What concerns me is the following. When testing this the system itself becomes unstable in weird ways. The preview bar can take a very long time to load (20-60 seconds is not uncommon eventually). The pattern as seen on the LEDs can start relatively smooth (but slow) but become less so over time, eventually becoming very stuttery. Once the PB basically locked up and then when I went to go back to the code the pattern code itself had disappeared, though other patterns were fine. Often I have to reset the device or force reload the page. This becomes worse as I keep editing the pattern.

I’m sure my code is poorly optimized, obviously suggestions would be nice, but this is more of a bug report on how the system behaves under extreme loads.

var timespeed=0.5
var t1
var numballs=6
var ballsX=array(numballs)
var ballsY=array(numballs)
var ballsZ=array(numballs)
var ballsC=array(numballs)


function update_balls(t){
for(n=0;n<numballs;n++){
  ballsX[n]=0.5*sin((t+n/numballs)*PI2)
  ballsY[n]=0.5*cos((t+n/numballs)*PI2)
  ballsZ[n]=1
  ballsC[n]=t+n/numballs
}}

function render_balls(x,y,z){
  mindist=10
  color=0
  
  for(n=0;n<numballs;n++){
    X=ballsX[n]-x+0.5
    Y=ballsY[n]-y+0.5
    Z=ballsZ[n]-z
    rad=sqrt(X*X+Y*Y+Z*Z)
    
  if(rad<mindist){mindist=rad;color=ballsC[n]}
  }
  if(mindist<0.2){hsv(color+mindist,1-mindist,1-mindist*3)}
  else(hsv(0,0,0))  
}

export function beforeRender(delta) {
  t1 = time(timespeed)
  update_balls(t1)
}

export function render3D(index, x, y, z) {
render_balls(x,y,z)
}

zranger1 · November 10, 2020, 1:31am

@spazzle, this happens to me too, especially lately as I’m trying more physics-based computationally intensive stuff in anticipation of the Pixelblaze 3. Push hard enough, and it gets very cranky. Eventually, you’ll get the “execution steps exhausted” message in the IDE which for me, most often means a reset.
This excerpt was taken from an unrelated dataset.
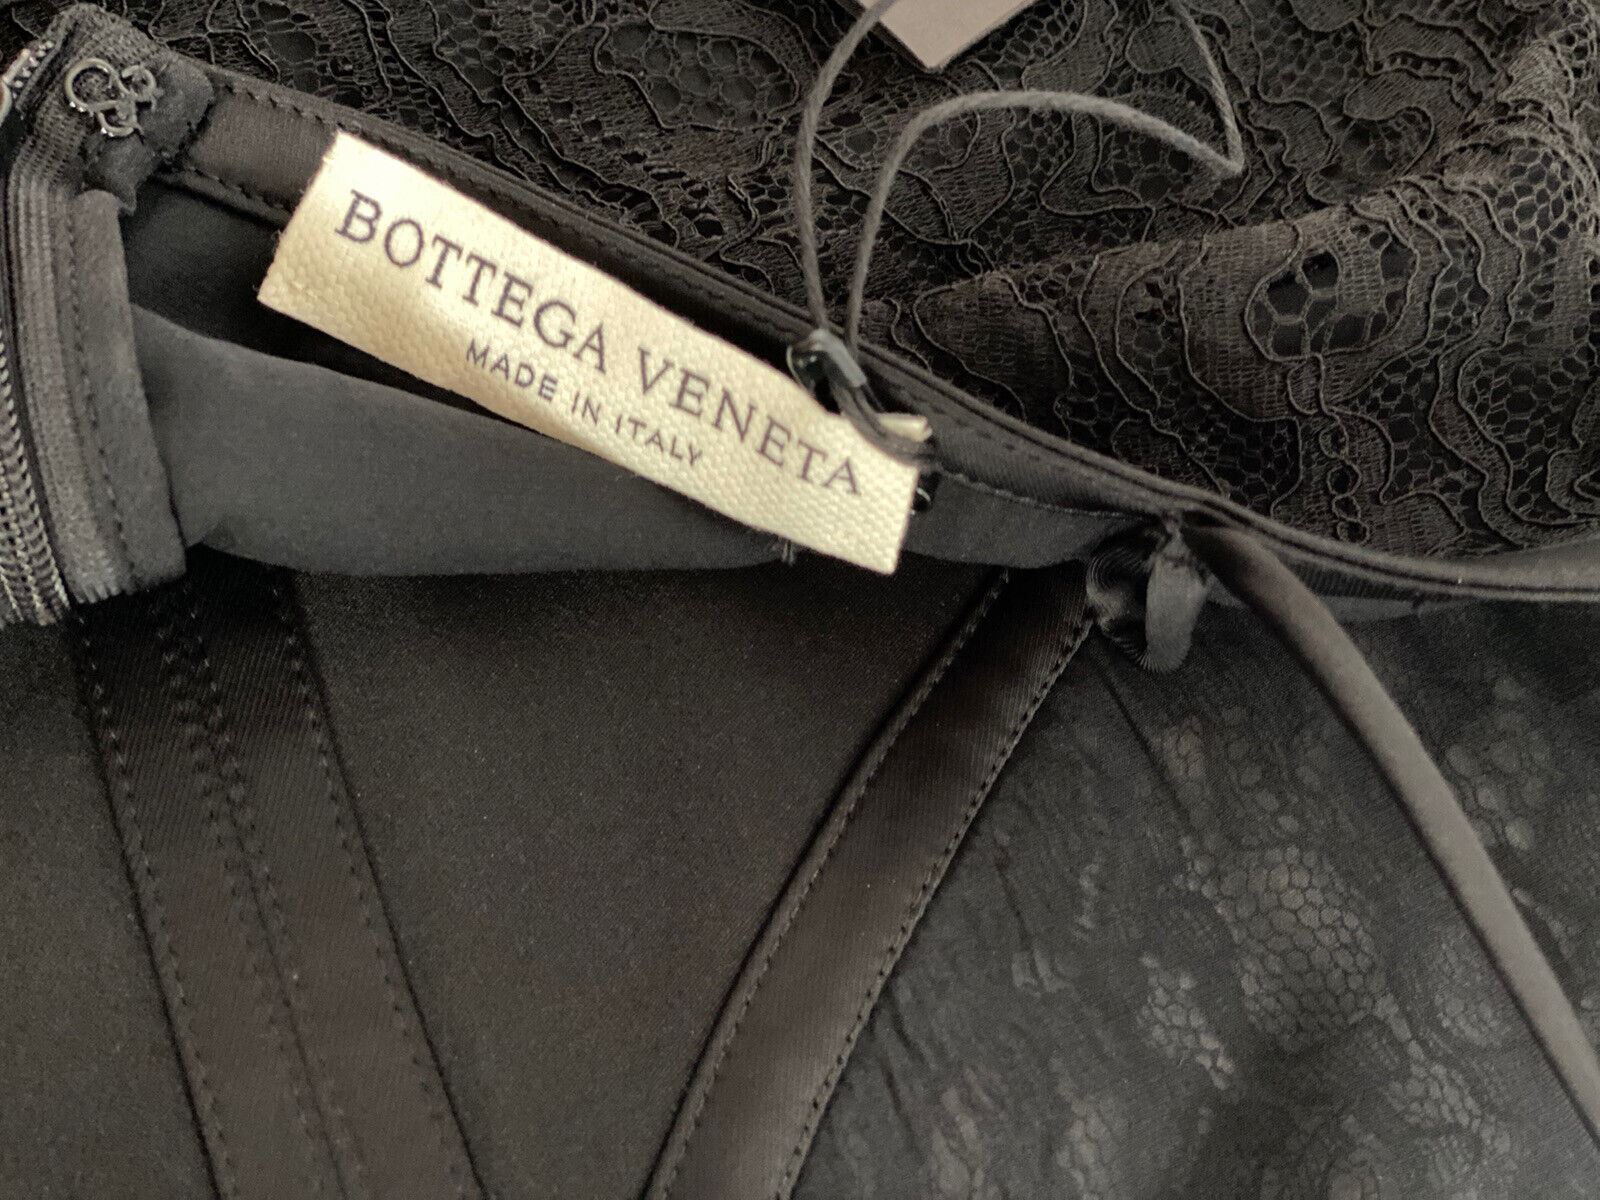 Neu mit Etikett: 2380 $ Bottega Veneta Schwarzes Schlafkleid für Damen 4 US (40 Bottega) 605980 IT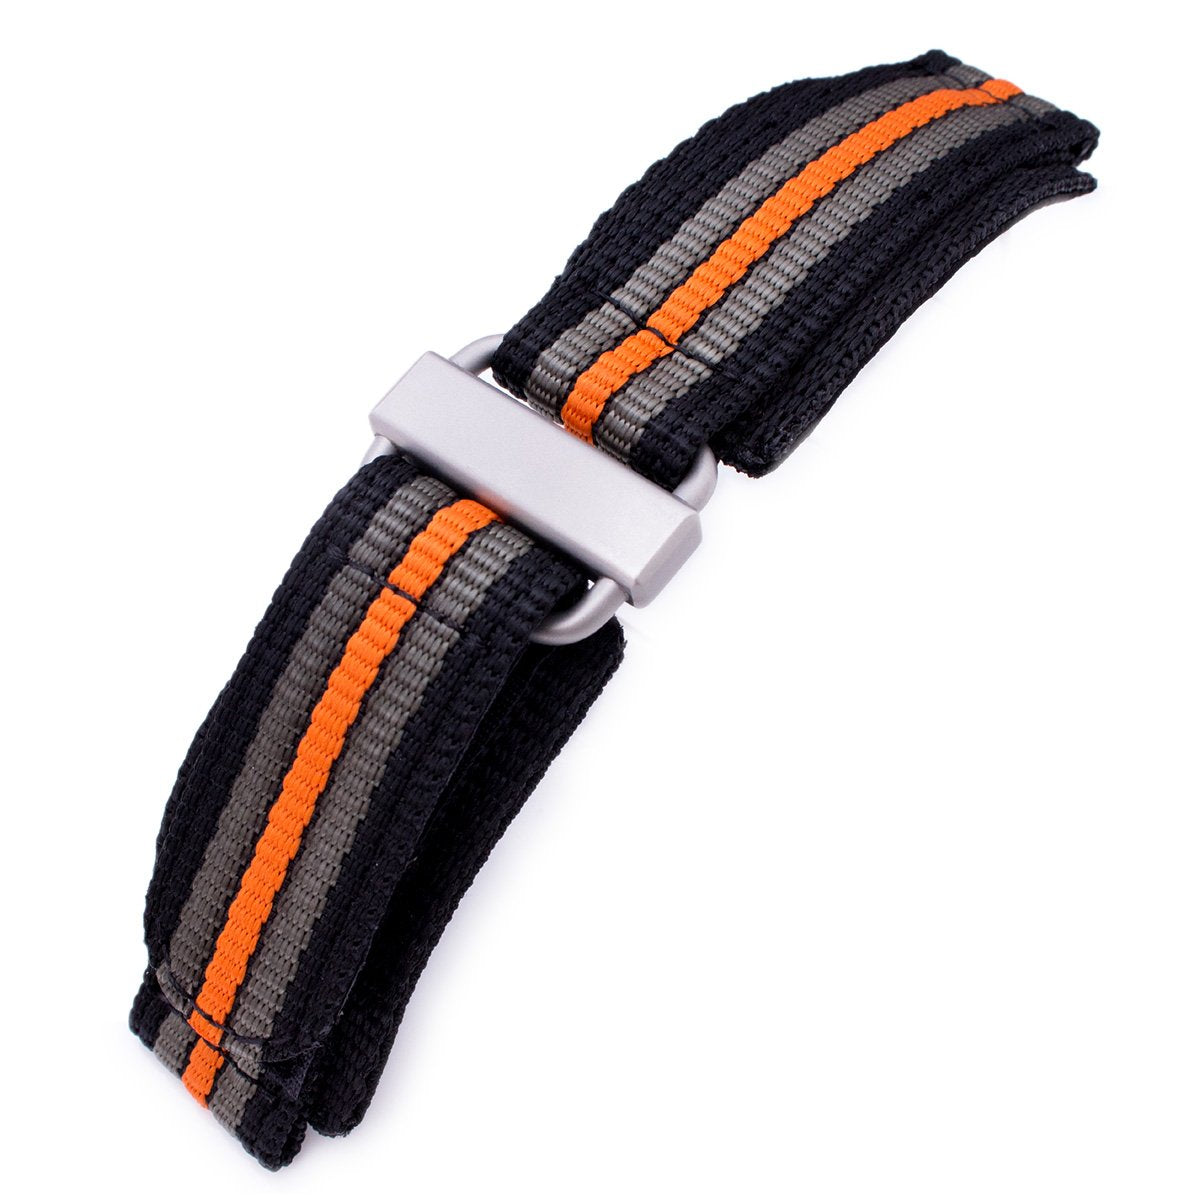 22mm MiLTAT Black Khaki &amp; Orange Stripes 3-D Nylon Velcro Fastener Watch Strap Sandblasted Buckle Strapcode Watch Bands

Possibly, @wizard could “fix” this by giving the PB’s web code more cycles one way or another. But I’m not sure I’d even ask for that. (unless it could be done dynamically and not take cpu from pattern execution under normal circumstances…) We’re operating near the edge of the cpu’s capability, and there’s always going to be a limit somewhere.

You can lighten the web UI and preview bar load a little by adding /?min to the PB’s web page address. Other than that – reworking the algorithm – moving as much pattern computation out of render() as possible is probably the best solution.

In this case, there are lots of potential ways to optimize. Is the display regularly spaced, like a volumetric cube or sphere? Are all your spheres going to be the same diameter? If so, maybe you can trade memory for cpu cycles by precalculating a table of distance offsets for the radius you’re interested in.

Or you can allocate an internal voxel buffer and do all the calculation for the frame in beforeRender(). You can pack hue and brightness for a given voxel into one 16.16 integer, and just have render() unpack and display. That ought to get you at least a few more fps.

Scruffynerf · November 10, 2020, 1:51am

First thoughts:

You call render balls for each pixel. Highly inefficient.

You should calculate the moving points and the. Spheres of influence (which is made much harder by making it just be the “closest”, that makes it have to look at many…). What if you just lit up with a brightness relative to distance? Now the closest points will be bright and more distant ones will be less so. (Beyond the radial cutoff, no light of course)

So now you just say “for all xyz items within [ Ball 1’s sphere area” which I believe is the way to do XYZ rendering speedily, and then Ball2 etc.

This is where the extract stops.